Zanzibar is one of the ‘spice islands'; it has strong Arabic flavors having been colonized by the Sultan of Oman who profited off trading in spice, ivory, and the slaves trade.  Something like 95% of the population is Muslim and the competing calls to prayer from various mosques were quite beautiful even if I didn’t understand a word.

View from my hotel roof top.
After a couple days getting lost in the narrow streets of ‘Stone Town’, I escaped to a small beach on the east side of the island… I swam with dolphins, hung out with monkeys, learned to kite surf (still a long way to go at that), lost track of a  little too much time in a Rasta bar on a beach, drank an inordinate amount of ‘Kilimanjaro’ beer. I even managed to get a little work done on my laptop. Imagine that.
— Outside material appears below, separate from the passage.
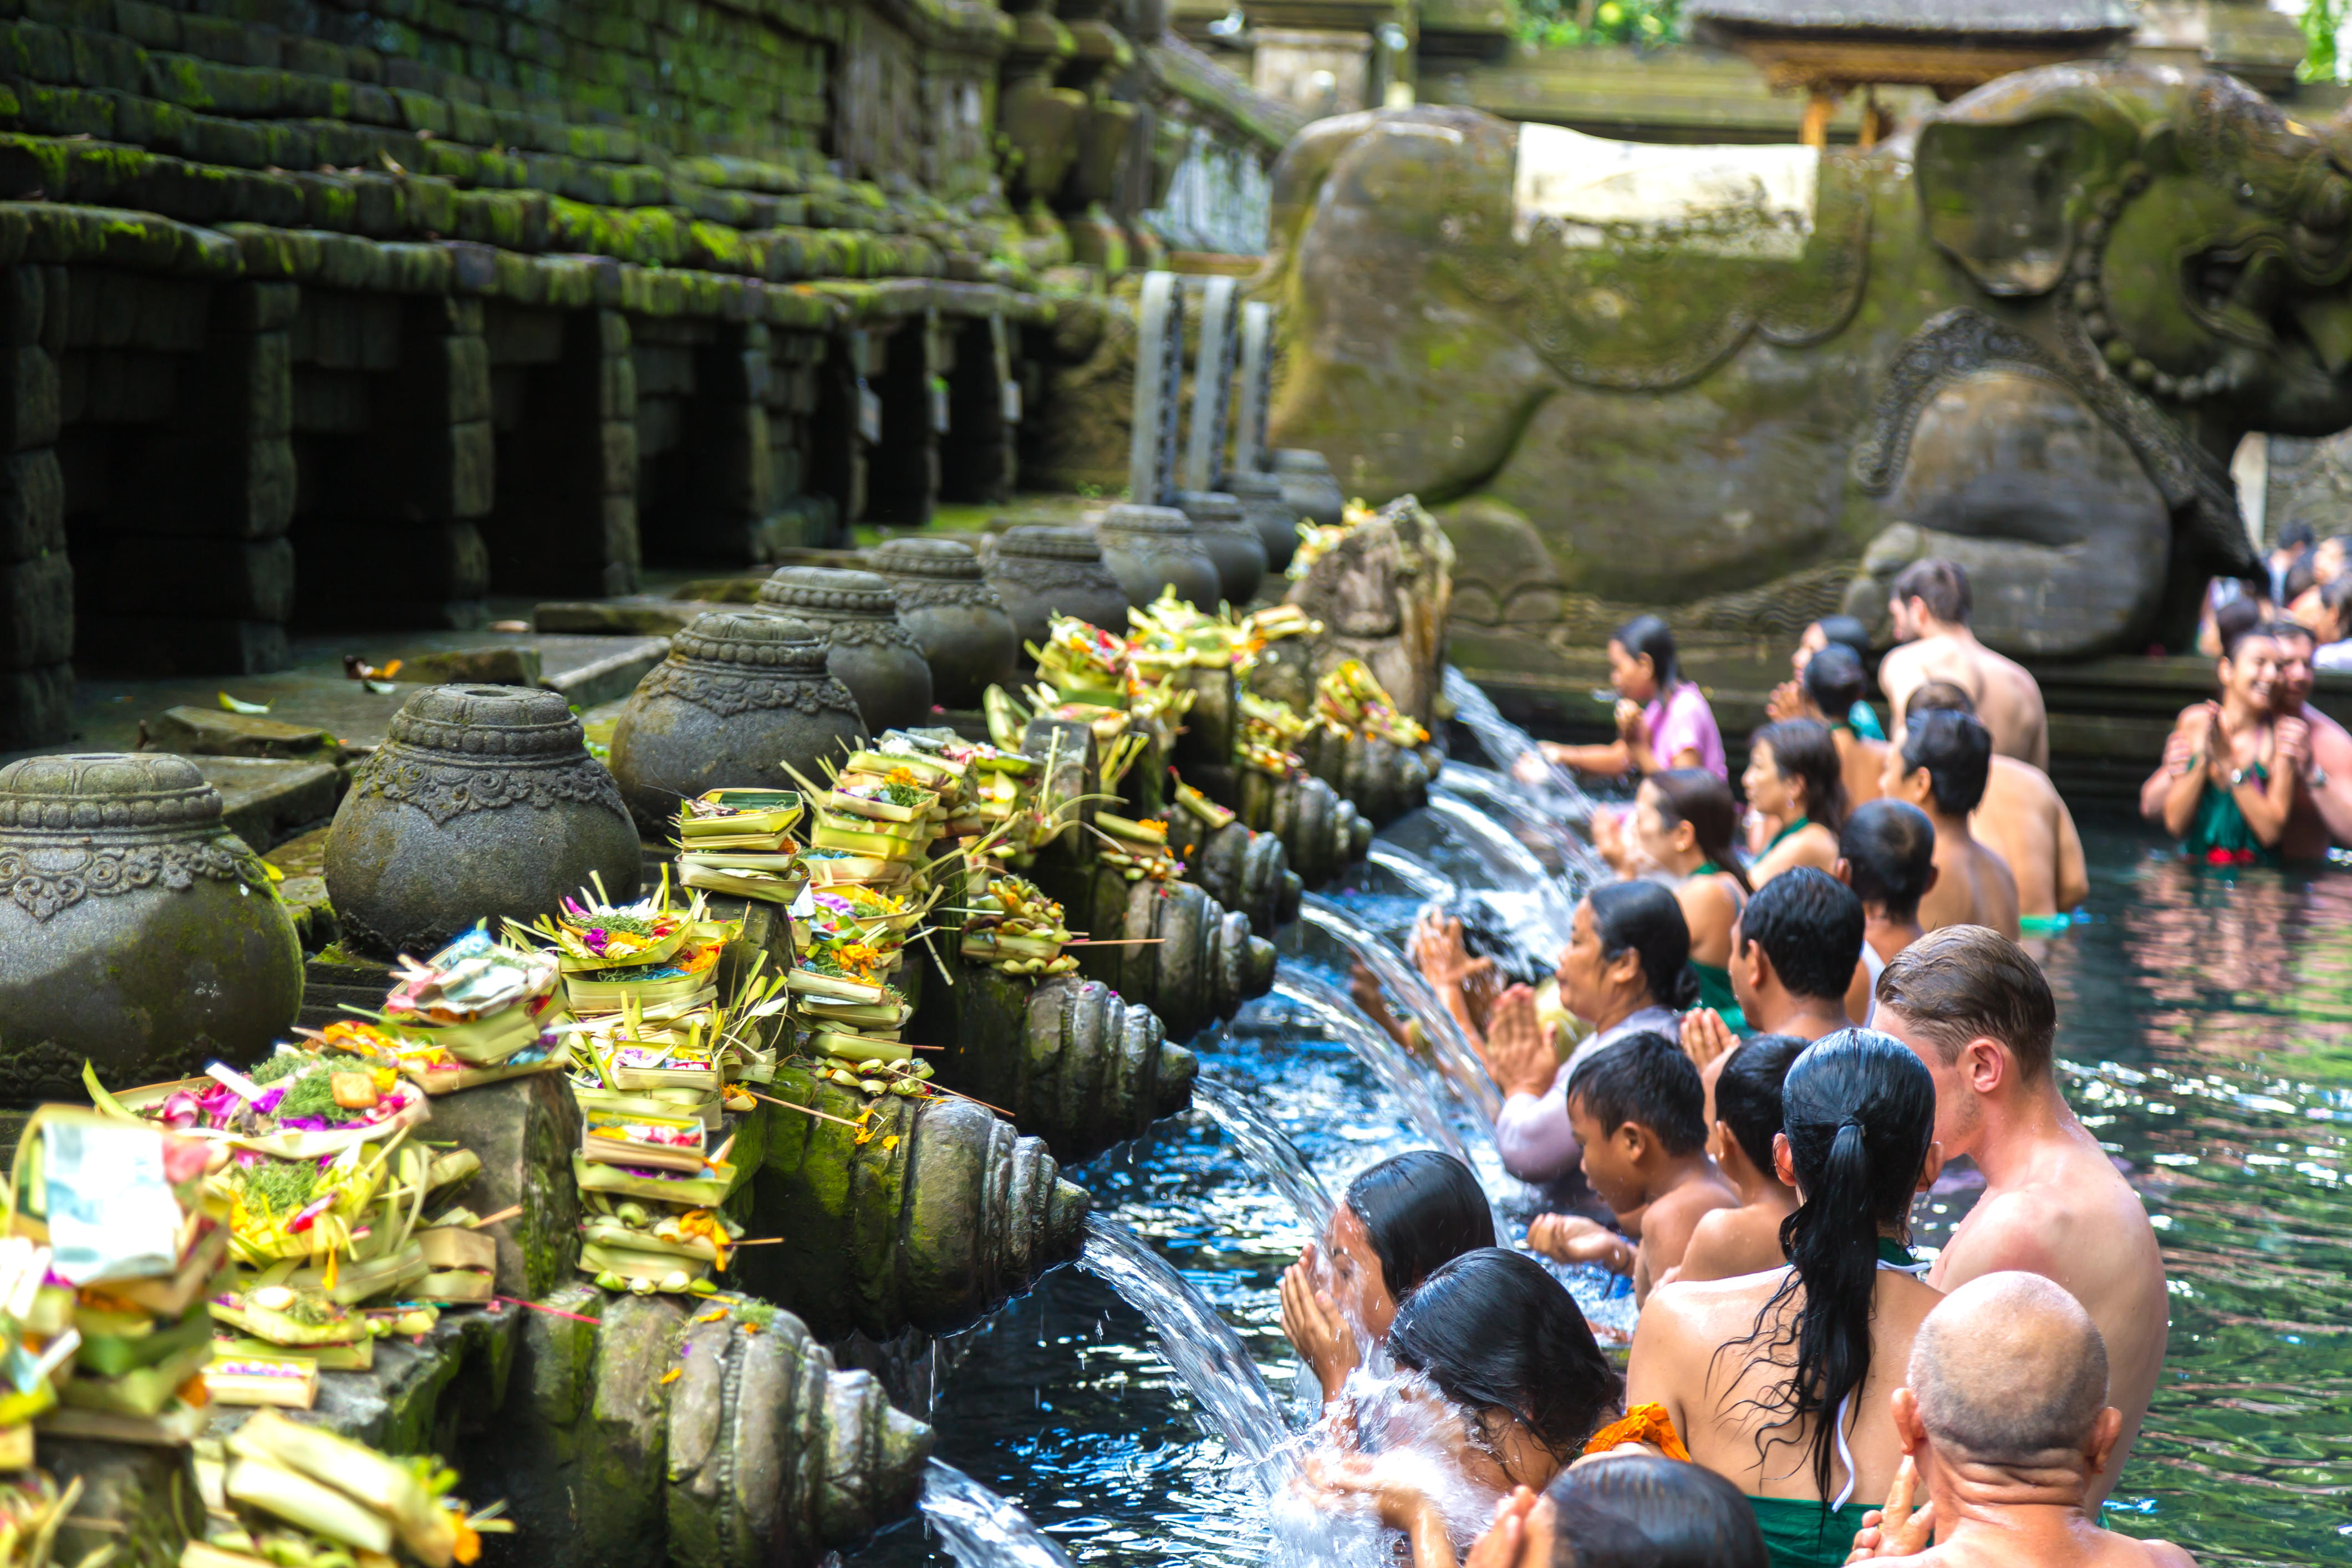 Holy Spring bathing temple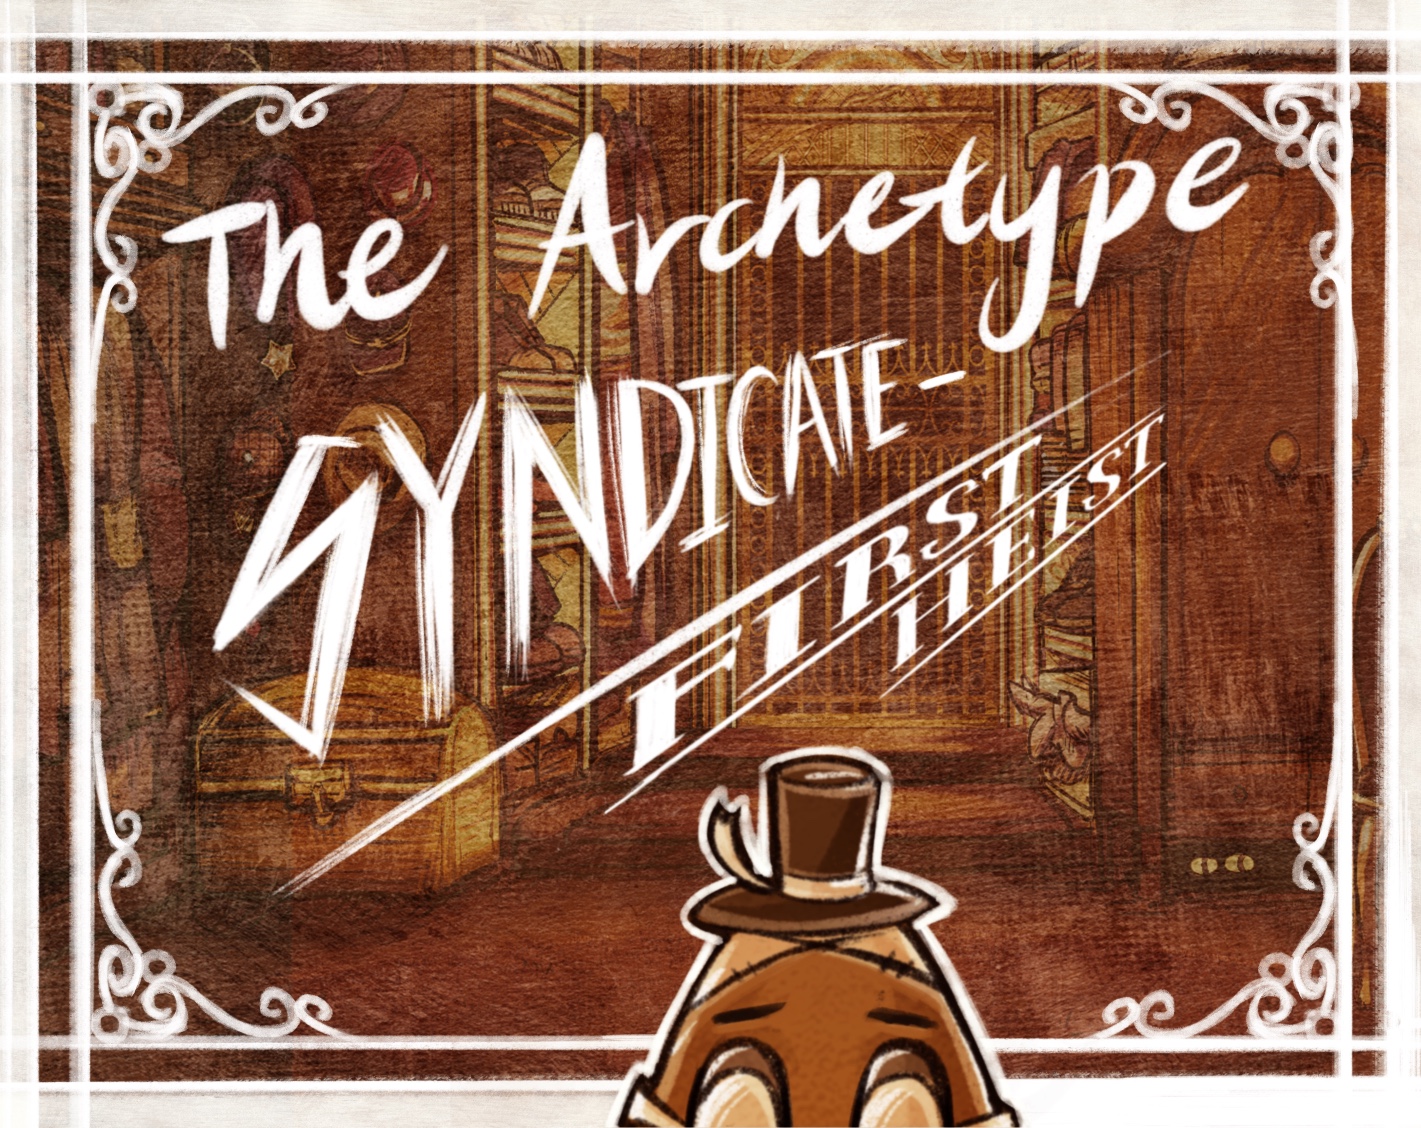 The Archetype Syndicate

I spent a lot of time with some new friends who were also exploring the island. The Rock Python below does not count as a new friend. These were great people to hang out with and I was sad to say goodbye to them (literally watching them sail away).
Jolien, Tamara, Julie from Belgium and Trésor from the Congo
My last day in Zanzibar was July 14th and the start of a long, slow journey east with stops in Kilimanjaro, Nairobi, Amsterdam, New York, Boston, and finally Seattle. On the flight back to Kilimanjaro, as we punched through he cloud layer, I got to see a the amazing saddle between Kilimanjaro and Mawenzi Peak (on the right).
This is a picture from two weeks earlier, Jacob running across that saddle with Mawenzi as a backdrop. Kilimanjaro is behind me when I took this picture.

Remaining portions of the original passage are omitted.